While writers like Chandu Menon wished to bring about reforms within their castes, there were others who sought to reform the entire caste-based society. In his novel “Saraswativijayam”, Potheri Kunjambu (a “lower-caste” writer from Kerala) attacks caste oppression. The novel shows a young “untouchable” man flee his village to escape caste-based tyranny. After converting to Christianity and receiving modern education, he returns to his village as a judge in the local court where the villagers had filed a case against the local Brahmin bully for murdering this young man. In the end, the judge reveals his identity and the Nambuthiri repents and reforms his ways.
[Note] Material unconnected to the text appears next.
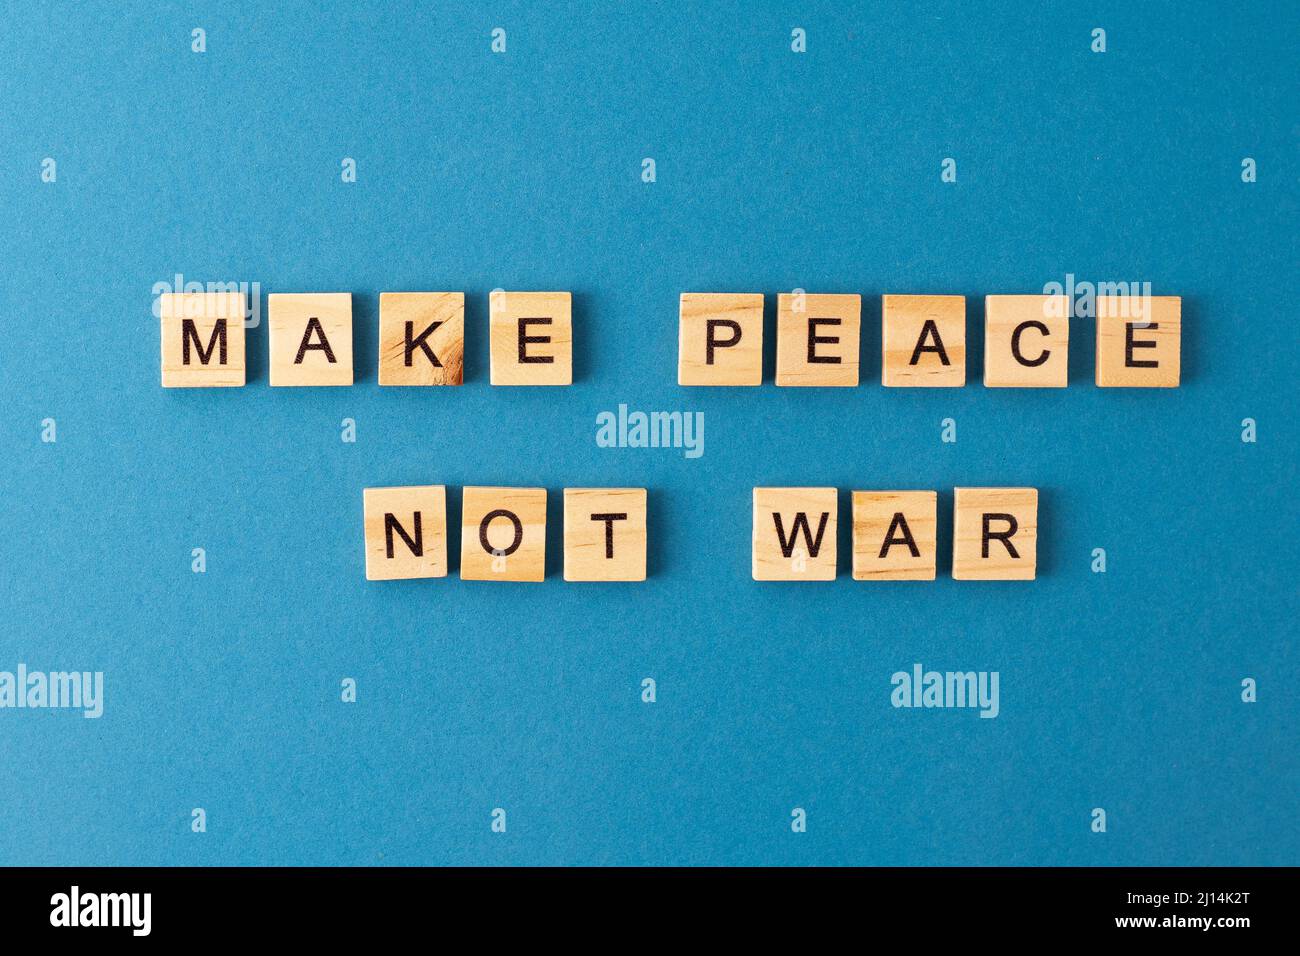 Machen Sie Frieden, nicht Krieg Hintergrund. Satz aus Holzbuchstaben. Wörter aus der Draufsicht. Die Sätze sind in Holzbuchstaben ausgelegt. Motivation. Stockfoto

Apart from being critical of the upper castes, this novel also stresses the importance of education for the upliftment of the lower castes.
Question 5:
Describe the ways in which the novel in India attempted to create a sense of pan-Indian belonging.
Answer:
The novel in India attempted to create a sense of pan-Indian belonging by imagining the country to be full of adventure, heroism, romance and sacrifice—characteristics that could not be found in the offices and streets of the nineteenth century world. It also gave the colonised people a chance to give shape to their desires. For example, the Bengali historical novels of this time, dealing with Marathas and Rajputs, served this purpose.
Another way in which the sense of belonging to a common nation was popularised was by including various classes in the novel so that they could be seen to belong to a shared world. The novels of Premchand, populated by powerful characters belonging to almost all levels of society, exemplify this.